We will explore the vectorized back-testing of algorithmic trading strategies. The term algorithmic trading strategy is used to describe any type of financial trading strategy that is based on an algorithm designed to take long, short, or neutral positions in financial instruments on its own without human interference. A simple algorithm, such as “altering every five minutes between a long and a neutral position in the stock of Apple, Inc.,” satisfies this definition. More technically, an algorithmic trading strategy is represented by some Python code that, given the availability of new data, decides whether to buy or sell a financial instrument in order to take long, short, or neutral positions in it.


long, short, neutral positions

  • A long—or a long position—refers to the purchase of an asset with the expectation it will increase in value—a bullish attitude.

  • A short position refers to a trading technique in which an investor sells a security with plans to buy it later. Shorting is a strategy used when an investor anticipates the price of a security will fall in the short term – a bearish attitude.

  • Neutral describes a position taken in a market that is neither bullish nor bearish. In other words, it is insensitive to the direction of the market's price.


We will focus on the technical aspects of the vectorised back-testing approach for a few select strategies. With this approach the financial data on which the strategy is tested is manipulated in general as a whole, applying vectorised operations on NumPy ndarray and pandas DataFrame objects that store the financial data. We will focus on the application of machine and deep learning algorithms to formulate algorithmic trading strategies. For this purpose, classification algorithms are trained on historical data in order to predict future directional market movements. In general this requires the transformation of the financial data from real values to a relatively small number of categorical (nominal) values in order to harness the pattern recognition power of such algorithms.


Vectorised back-testing approach The core concept of back-testing is to simulate a given trading strategy by going back in time and execute the trades as if you were in the past. The generated profits are often compared against a benchmark performance through some metrics (e.g. annualized returns). Depending on the nature of the strategy, different benchmarks and metrics are used. Caution: Back-testing is not an exact indicator of past performance and should not be used as a research tool. You do not randomly change your strategy parameters just because it looks better in the back-test. You should consider the historical performance of the market as one of many possible realizations of a random variable. Fitting your parameters to the back-test without sound economic logic will inevitably lead to overfitting.

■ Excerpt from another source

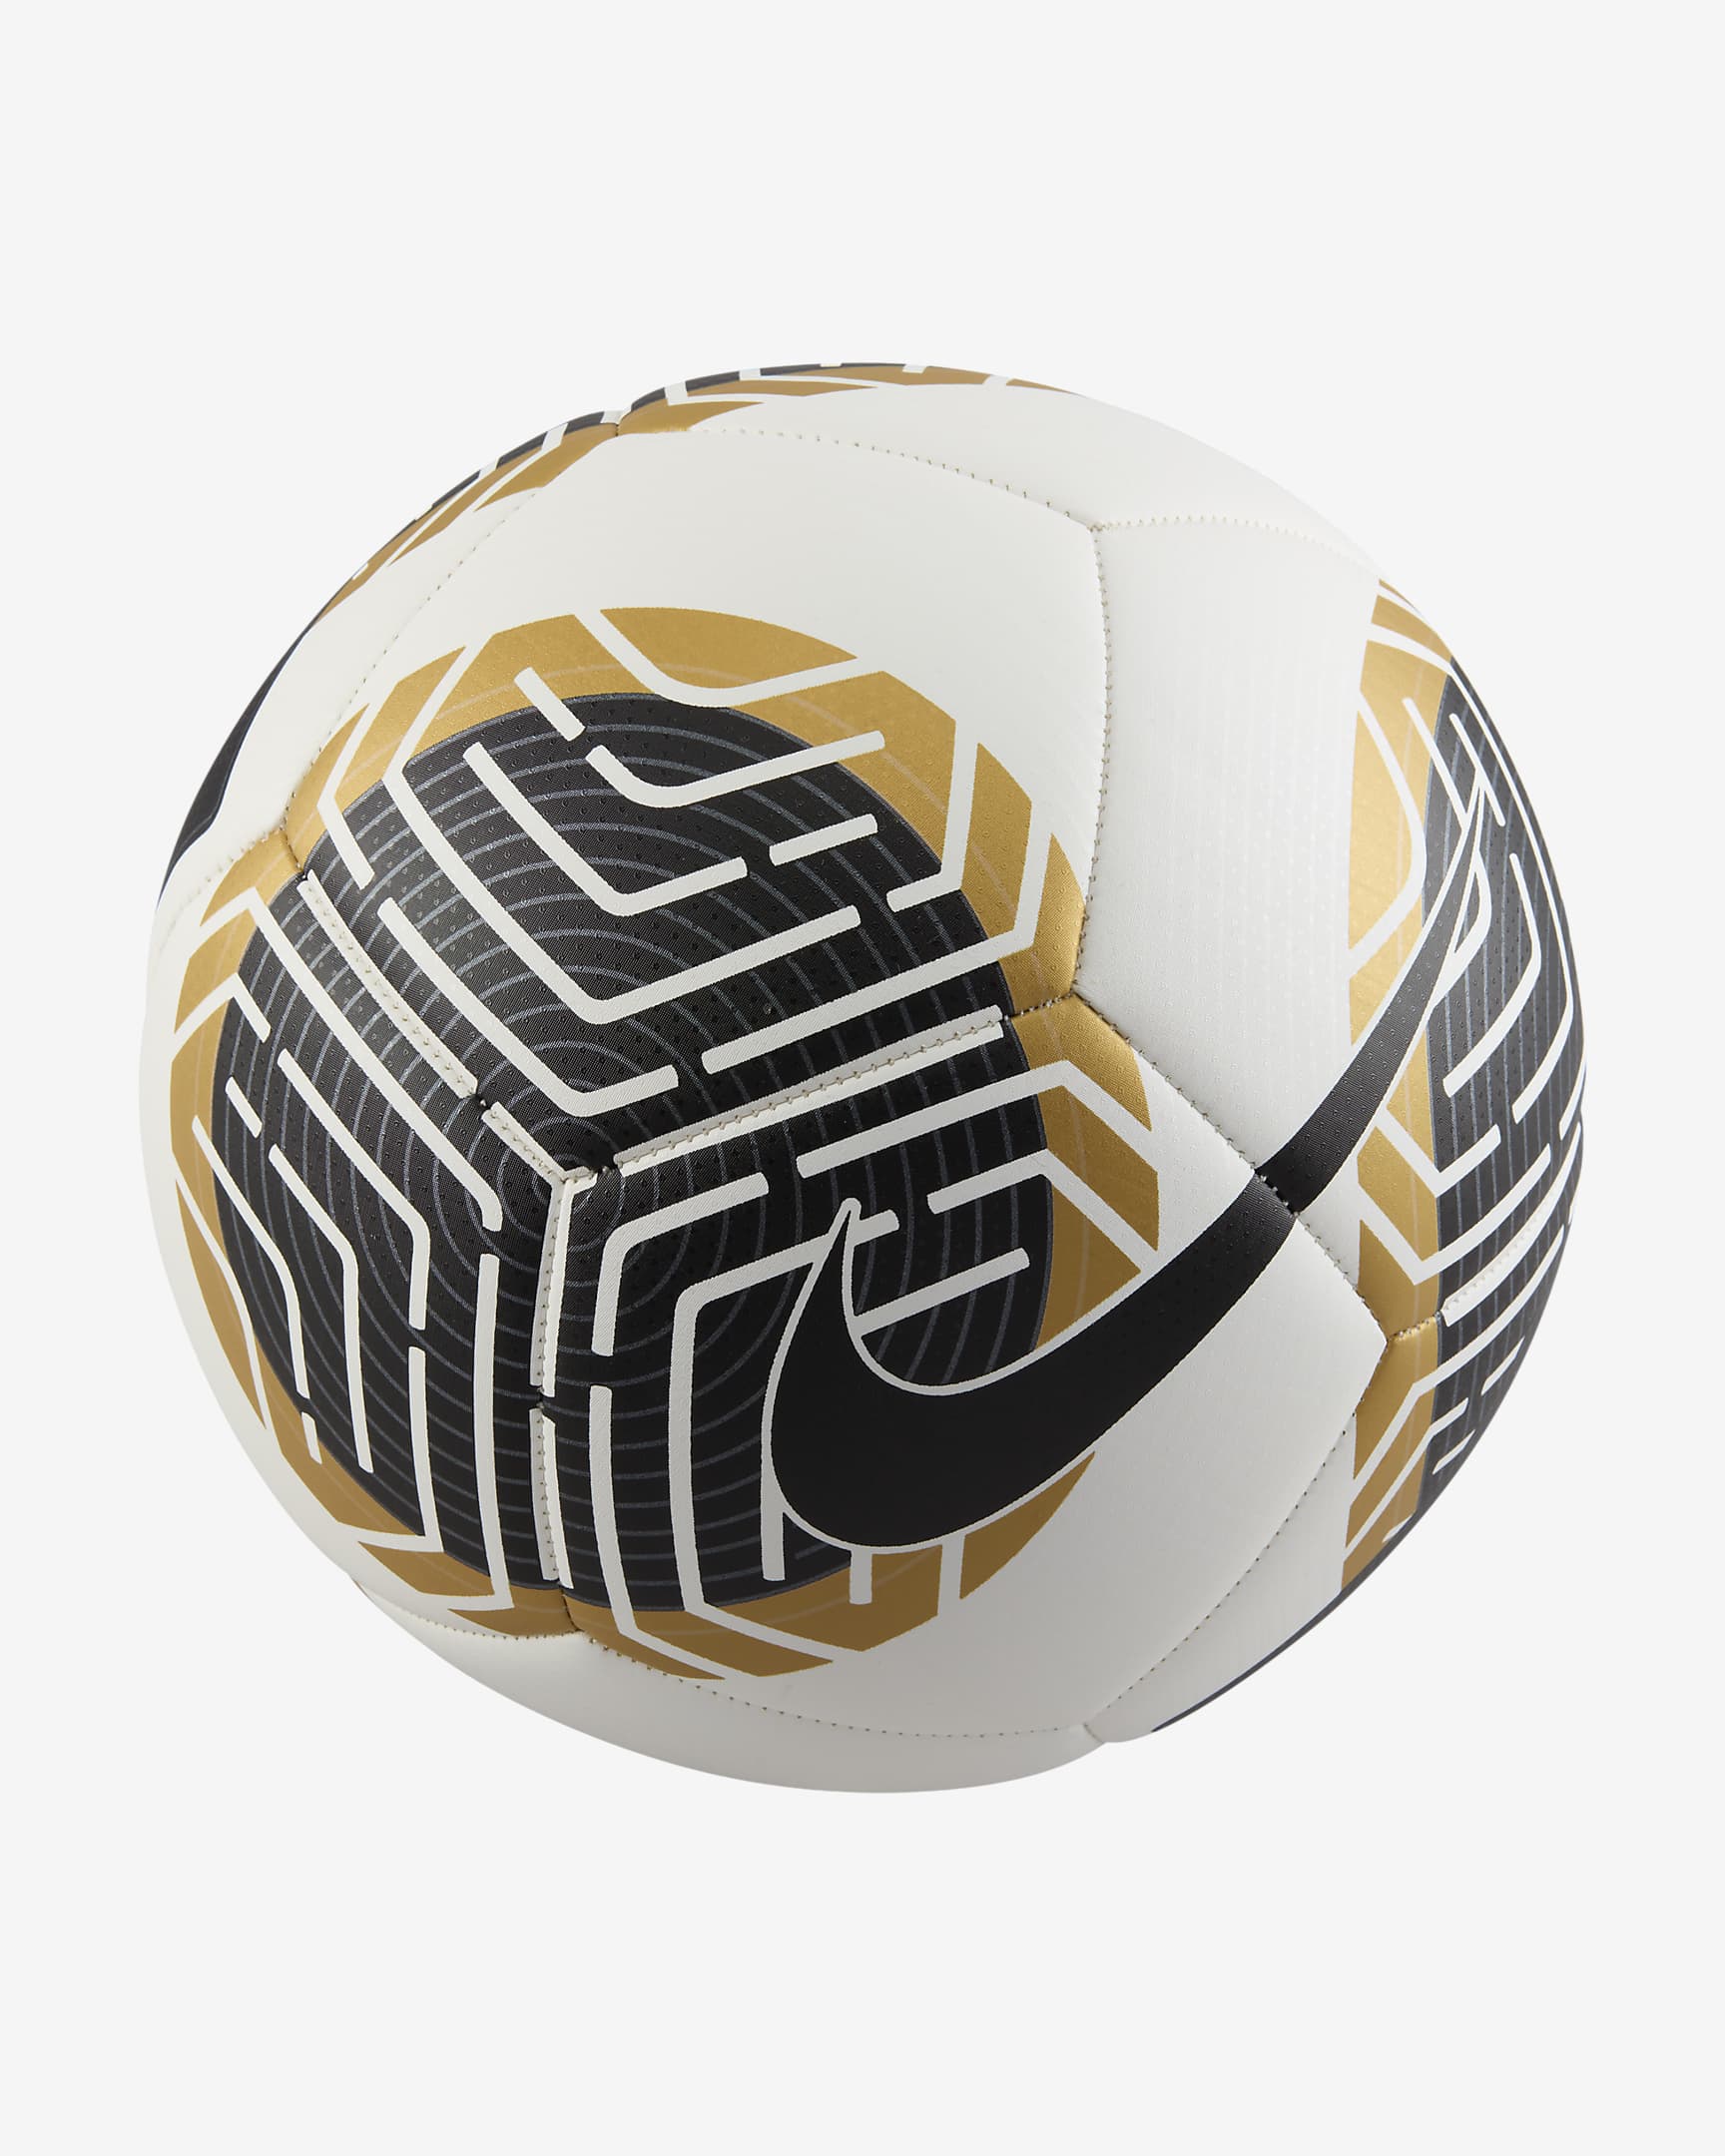 Pallone da calcio Nike Pitch - Bianco/Nero/Oro/Nero

There are two main methods for back-testing a strategy: (i) event-driven and (ii) vectorized. An event-driven back-test often involves the use of a loop that iterates over time, simulating an agent that sends orders depending on the market signals. This loop based approach can be extremely flexible, allowing you to simulate potential delays in orders execution, slippage costs, etc.

A vectorized back-test instead gathers strategy related data and organizes them into vectors and matrices, which are then processed through linear algebra methods (optimised for computation) to simulate past performance


Vectorized back-testing is hugely faster than event-driven back-testing and should be used for the explorative stage of strategy research, whereas event-driven back-tests are suited for future more in-depth analysis


Introduction

We will explore: -

  • Simple Moving Averages - an algorithmic trading strategy based on simple moving averages and how to back-test such a strategy.

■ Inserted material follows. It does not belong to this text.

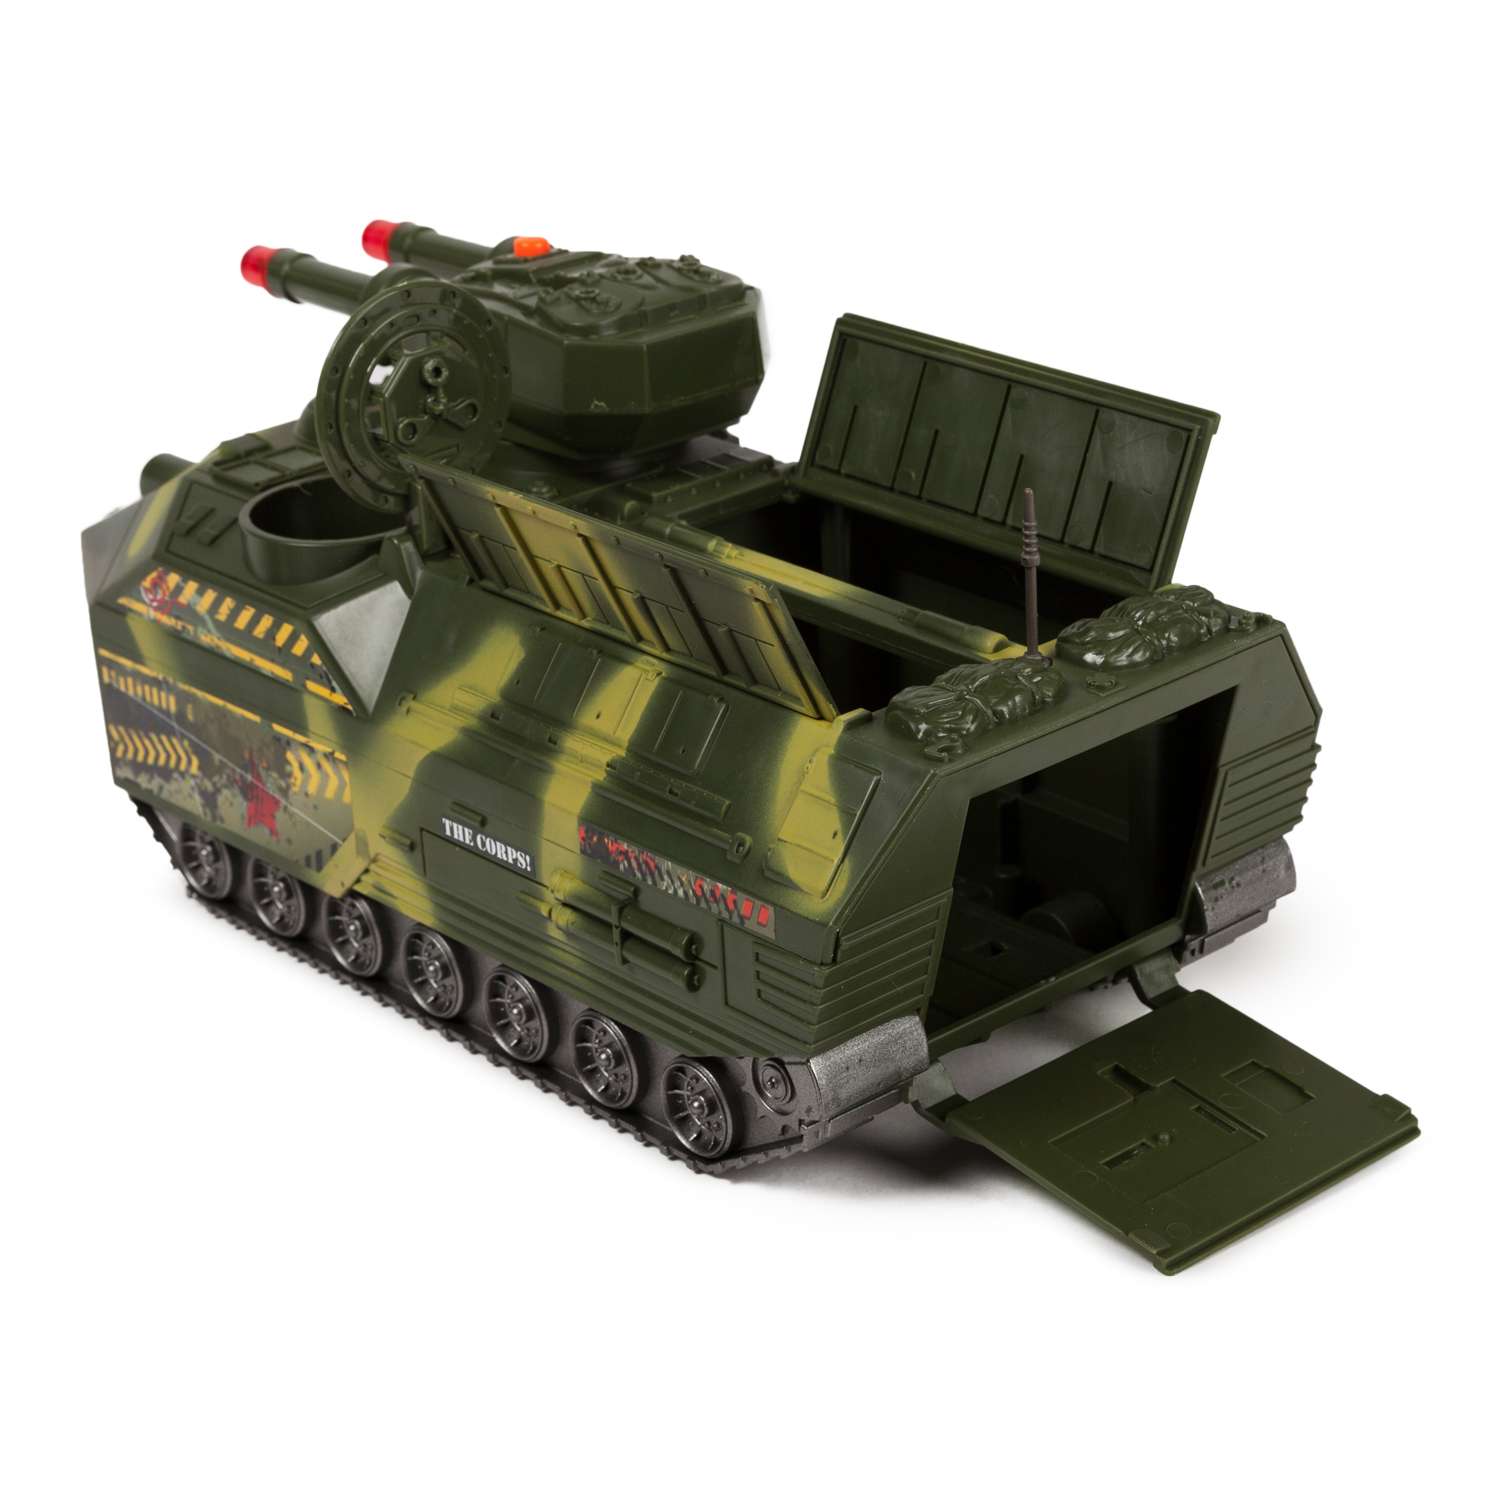 Бункер-танк Global Bros камуфляжный (транспортное средство, 2 фигурки, аксессуары) - фото 7

  • Random Walk Hypothesis - introduces the random walk hypothesis.

  • Linear OLS Regression – applying OLS regression to derive an algorithmic trading strategy.

  • Clustering - using unsupervised learning algorithms to derive algorithmic trading strategies

  • Frequency Approach - a simple frequentist approach for algorithmic trading.

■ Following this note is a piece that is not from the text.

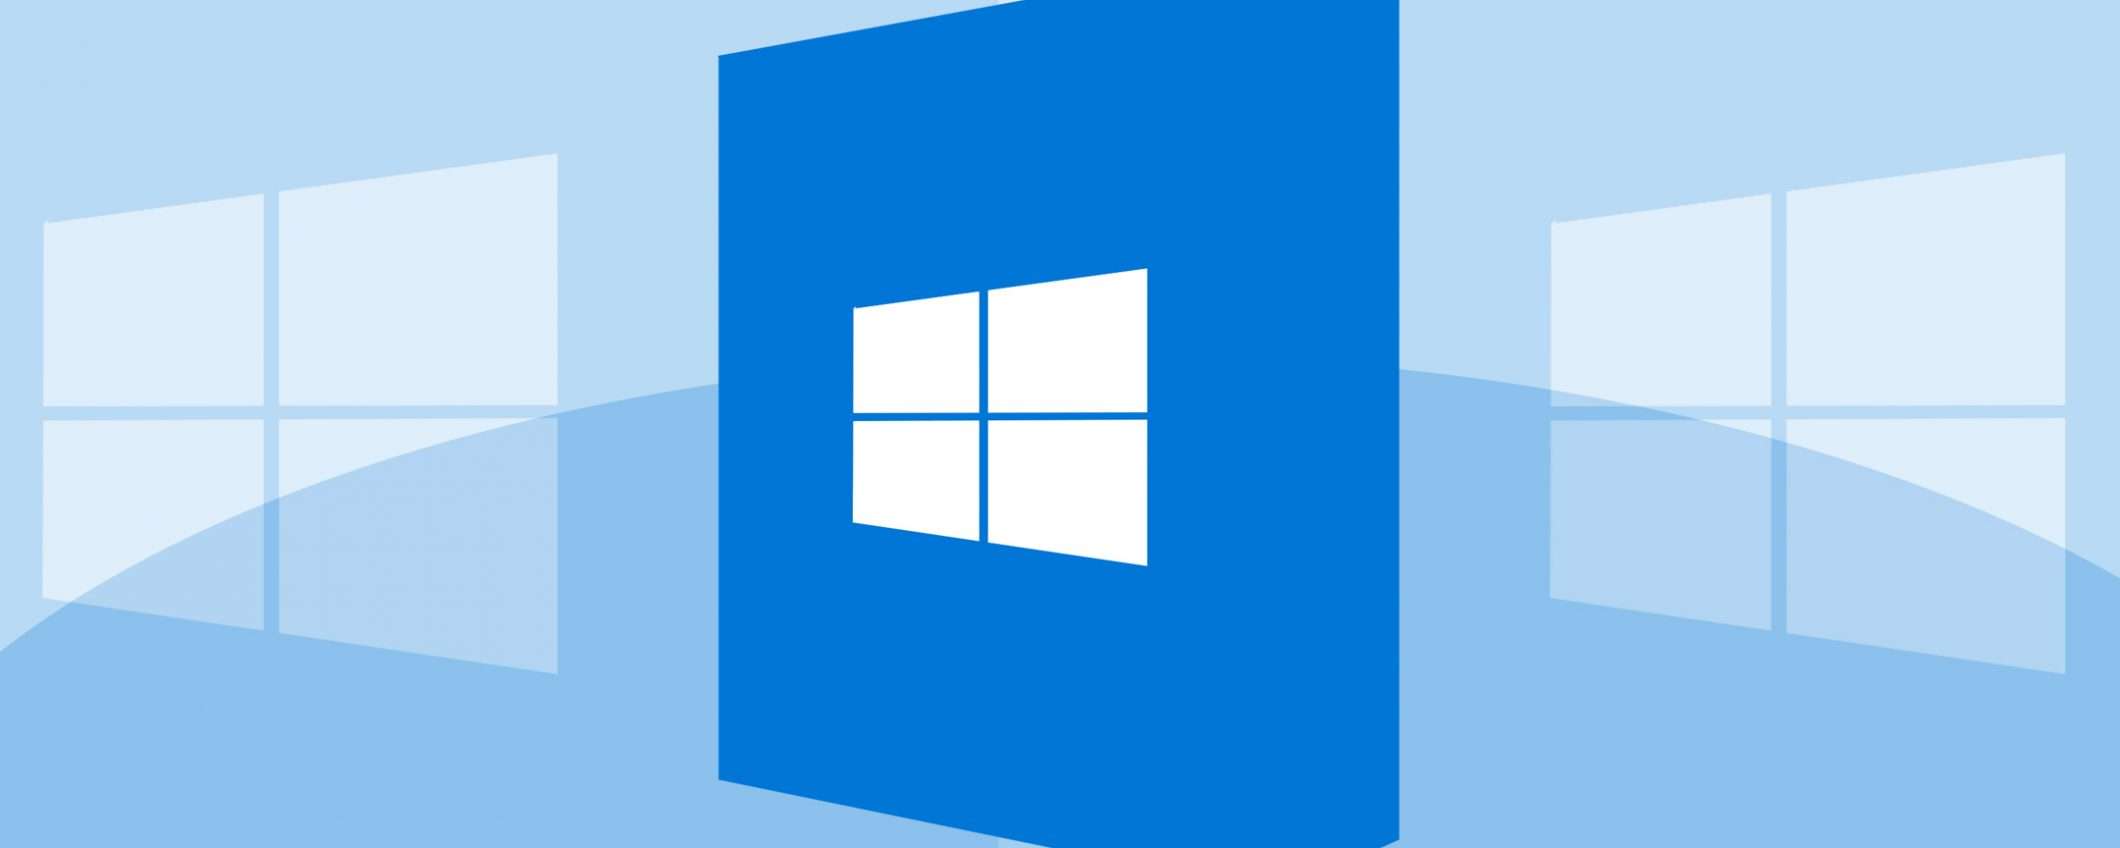 Windows 10: utilizzo alle stelle, +75% in un anno

  • Classification – using traditional supervised learning algorithms for algorithmic trading.

  • Deep Neural Networks - deep neural networks and how to use them for algorithmic trading.


Simple Moving Averages

Trading based on simple moving averages (SMAs) is a decades-old trading approach (see, for example, the paper by Brock et al. (1992)). Although many traders use SMAs for their discretionary trading, they can also be used to formulate simple algorithmic trading strategies. We will explore the use of SMAs by introducing vectorized backtesting of algorithmic trading strategies.


Simple Moving Averages – Data Import










We will import the financial time series for a single symbol, the stock of Apple, Inc.

(AAPL.O). The analysis will be based on end-of-day data.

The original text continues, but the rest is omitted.